坂口恭平著『ゼロから始める都市型狩猟採集生活』(太田出版)を読む
9月20日(木)
親から自立して都会で一人暮らしを始めた時にまず実感したのは、この生活を続けるためにはお金が必要だということだった。お金を得るためには仕事が必要で、だから職を得て働くことが必要だった。それは当然のことだったのだが、その生活が何だかしんどいものであったことも確かだ。働かなくてもお金がもらえればいいのにと思ったこともあったけど、そのためには宝くじで一等3億円に当たるか、病気か事故で仕事ができなくなり、生活保護をもらうくらいしか方法がないように思えた。
ホームレスの存在は知っていた。
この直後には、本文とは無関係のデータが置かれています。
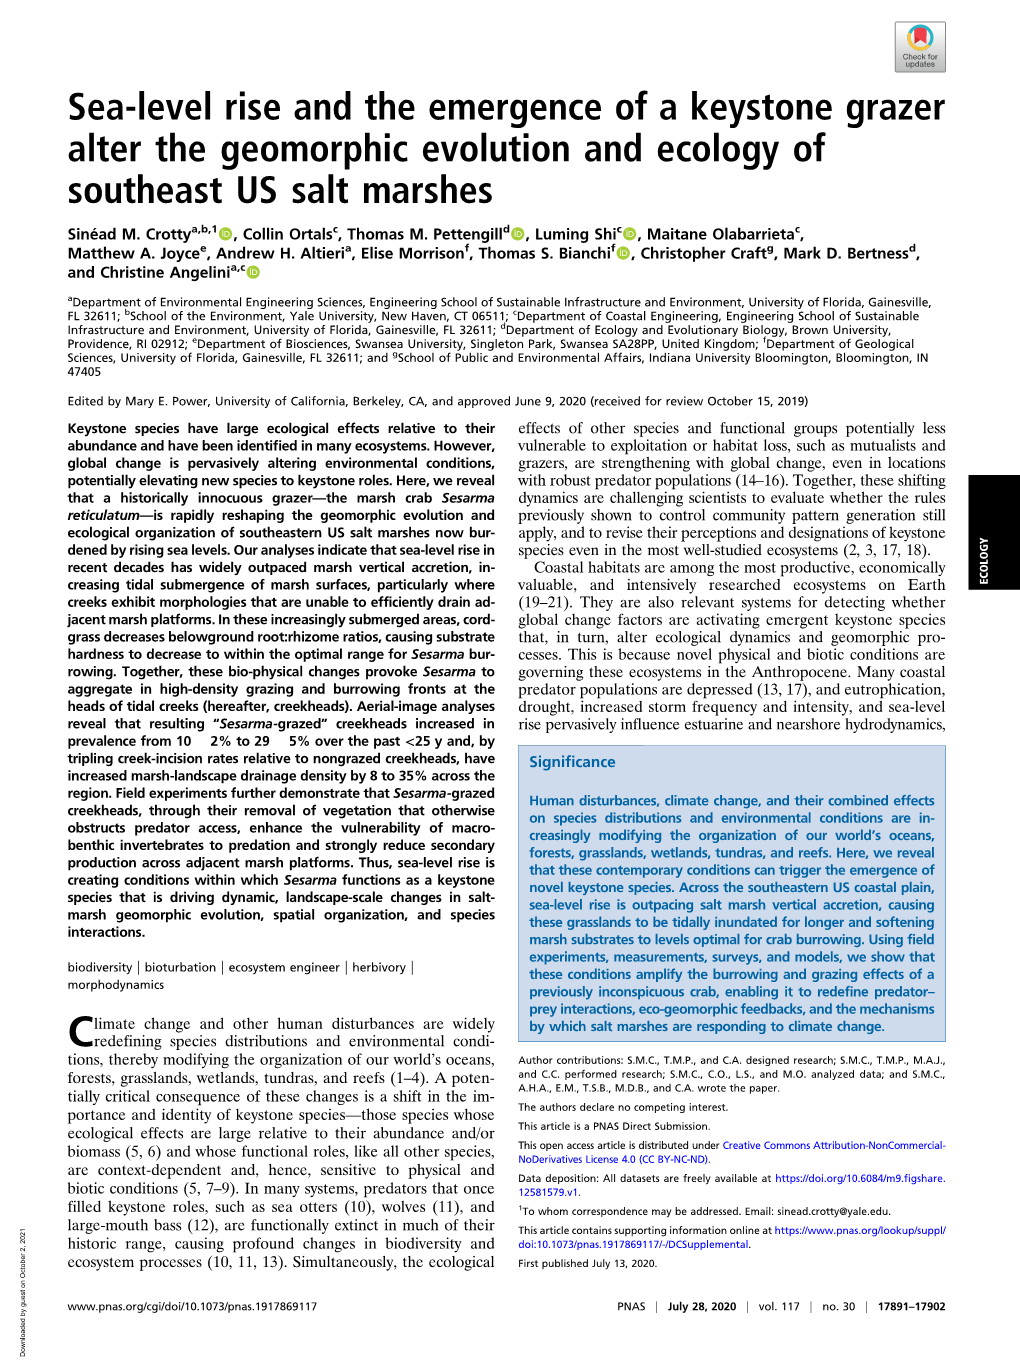 Sea-Level Rise and the Emergence of a Keystone Grazer Alter the Geomorphic Evolution and Ecology of Southeast US Salt Marshes
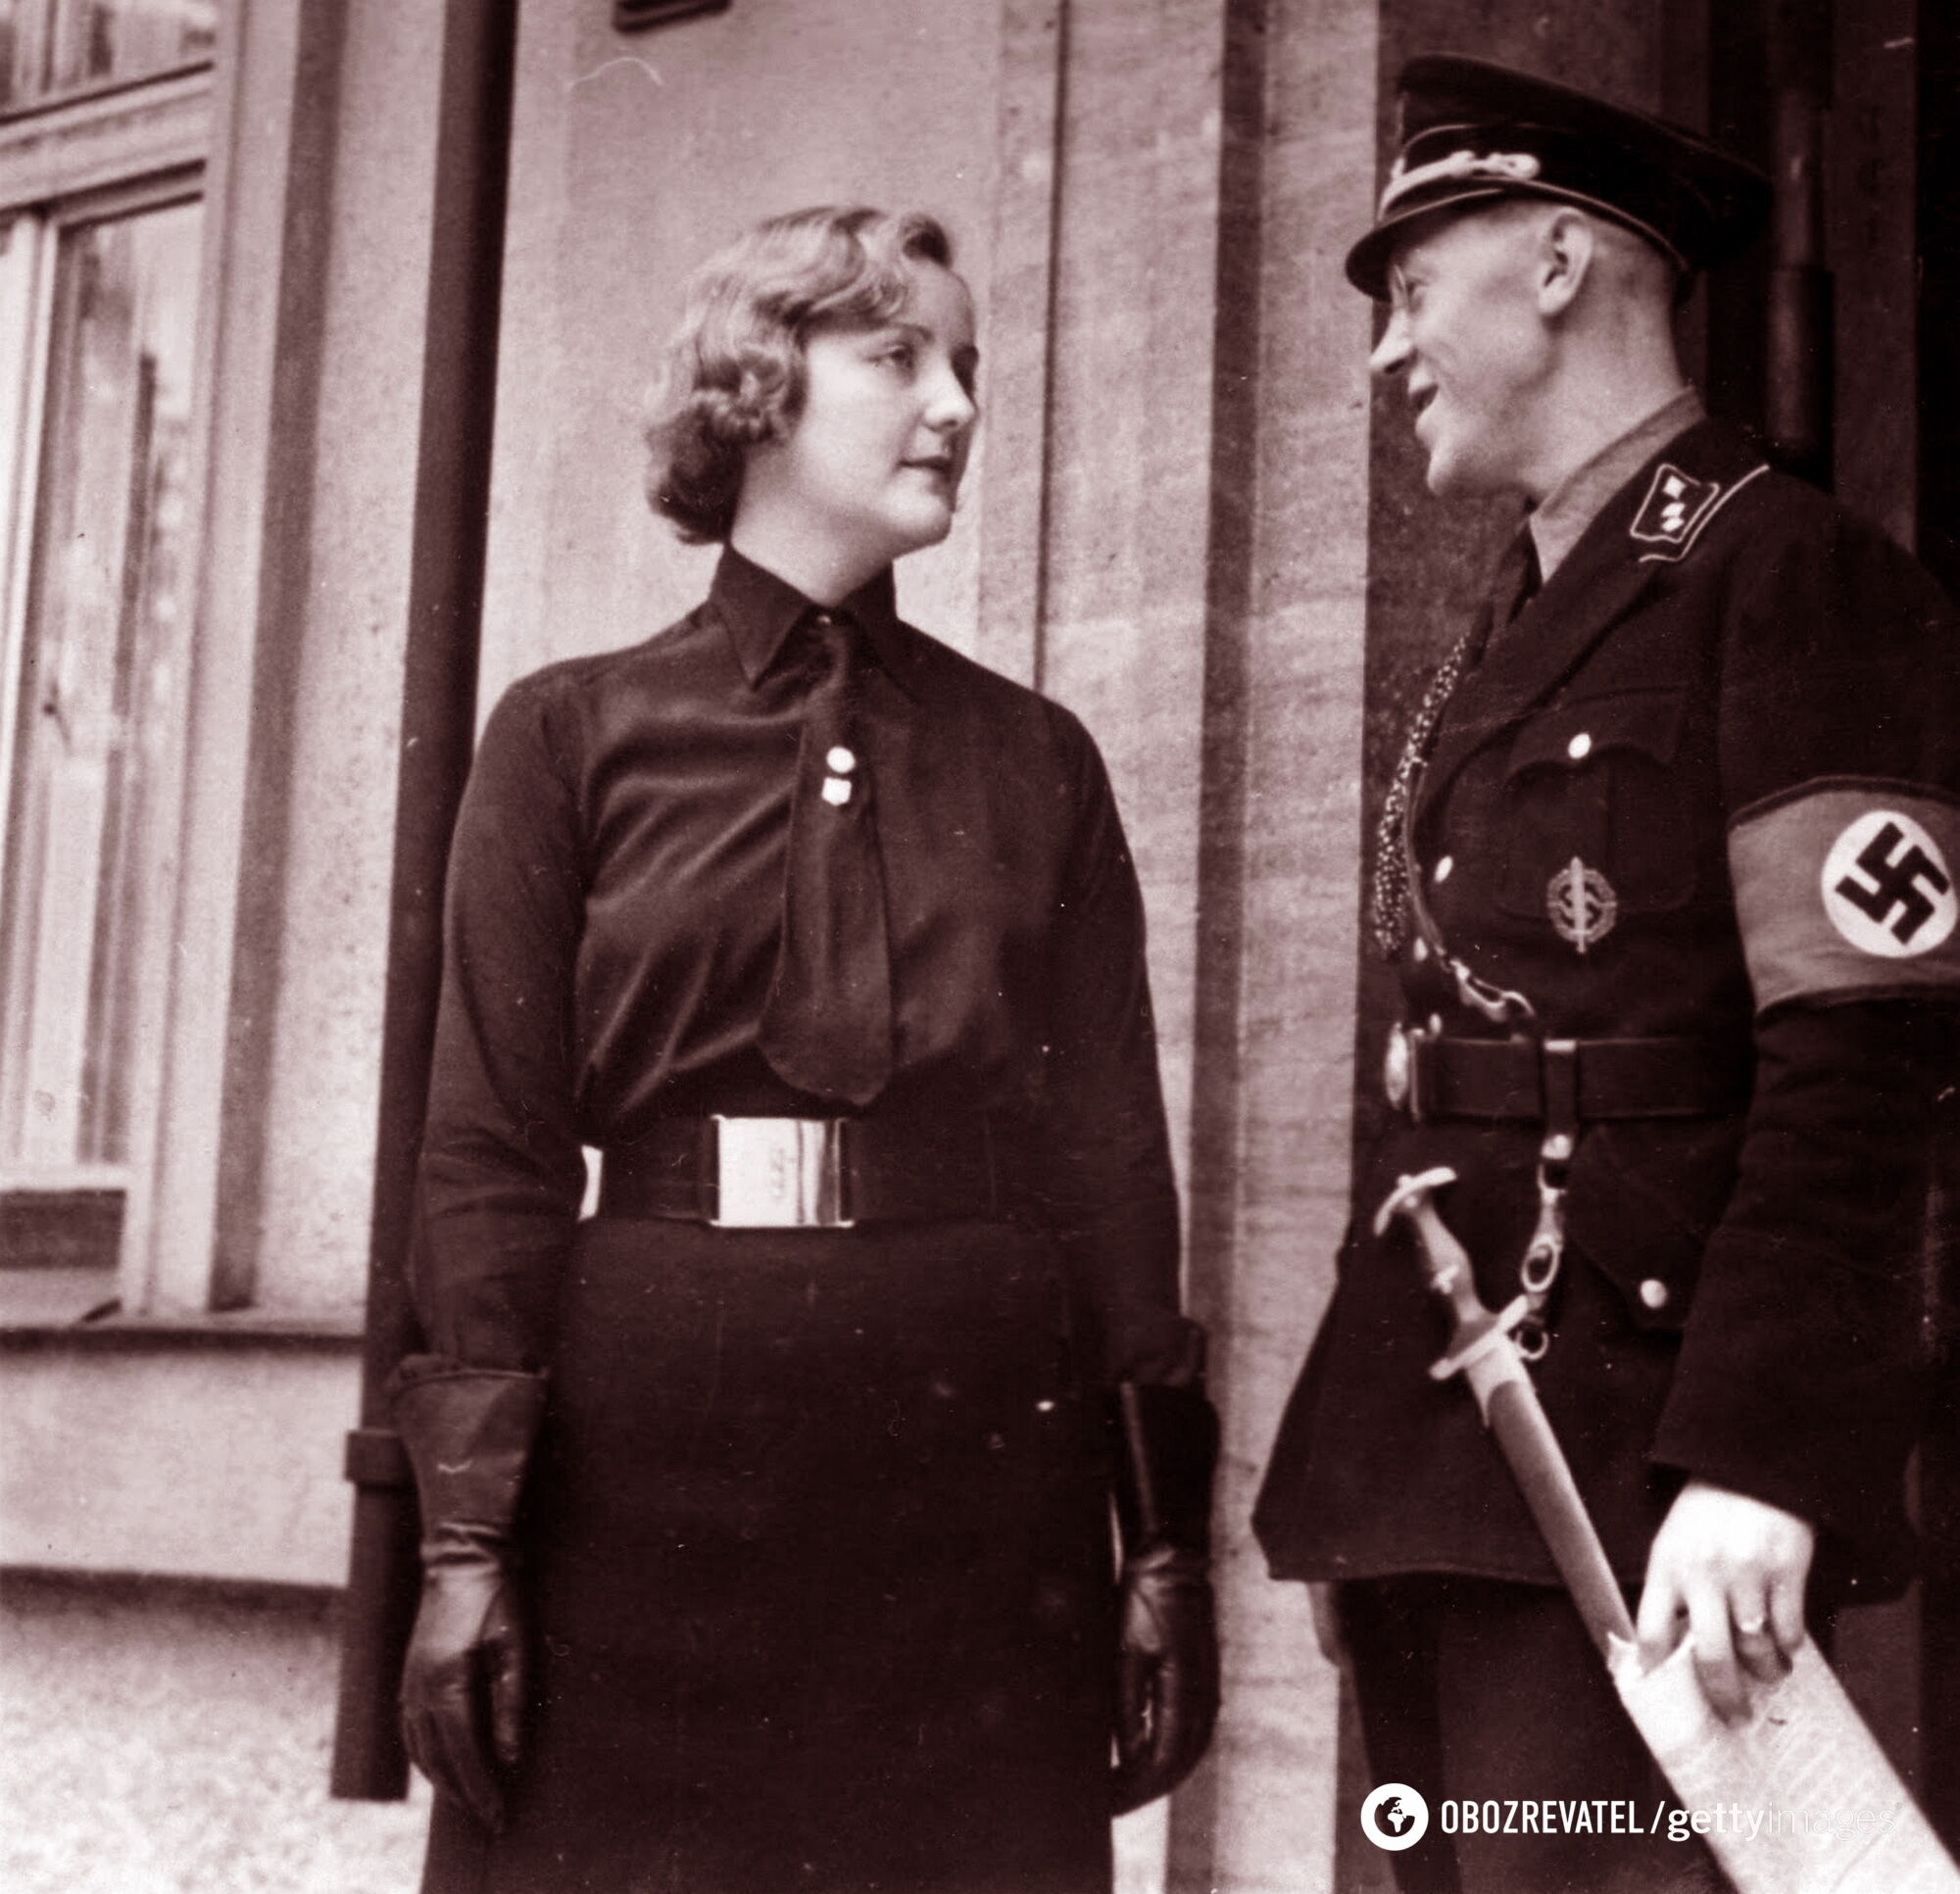 Love is blind. What Hitler's women were like and why they all committed suicide

だが、わたしにとって彼らは貧困問題として解決されるべき存在であった。ルンペンプロレタリアート論という革命論もかつて聞いたことがあるけど、その理論によるとルンペンは革命の主体となって戦い、ルンペンの生活を脱しなければならなかった。いずれも彼らはそのままでいてはいけない存在なのであった。
この本のすごい所は、お金がないと生きていけないというわたしたちの常識になっている考え方を変えるために、人は収入が0円でも都会で生きていけるということを具体的に示した所だろう。著者はその具体例を路上生活者に求める。路上生活者の生活をよく見ると、都会の幸や制度や人々の善意を巧みに利用して、川辺や公園に自分が生きていけるだけの家を確保し、0円に限りなく近い生活を送っている。彼らは自分たちの生き方の創造者なのであり、そのままで自足した存在なのである。
お金がなくても生きていけるというのは、お金を得るために働いているわたしたちにとって一つの希望になる。別に路上で暮らす必要はない。ただ、わたしたちは、今のお金にしばられた生き方しかないとあきらめないで、もっと自分の生き方を自分なりに創造するべきなのだ。そのためには、わたしたちも都市型狩猟採集民である路上生活者たちのように自らの感覚を研ぎ澄まさなくてはならないのである。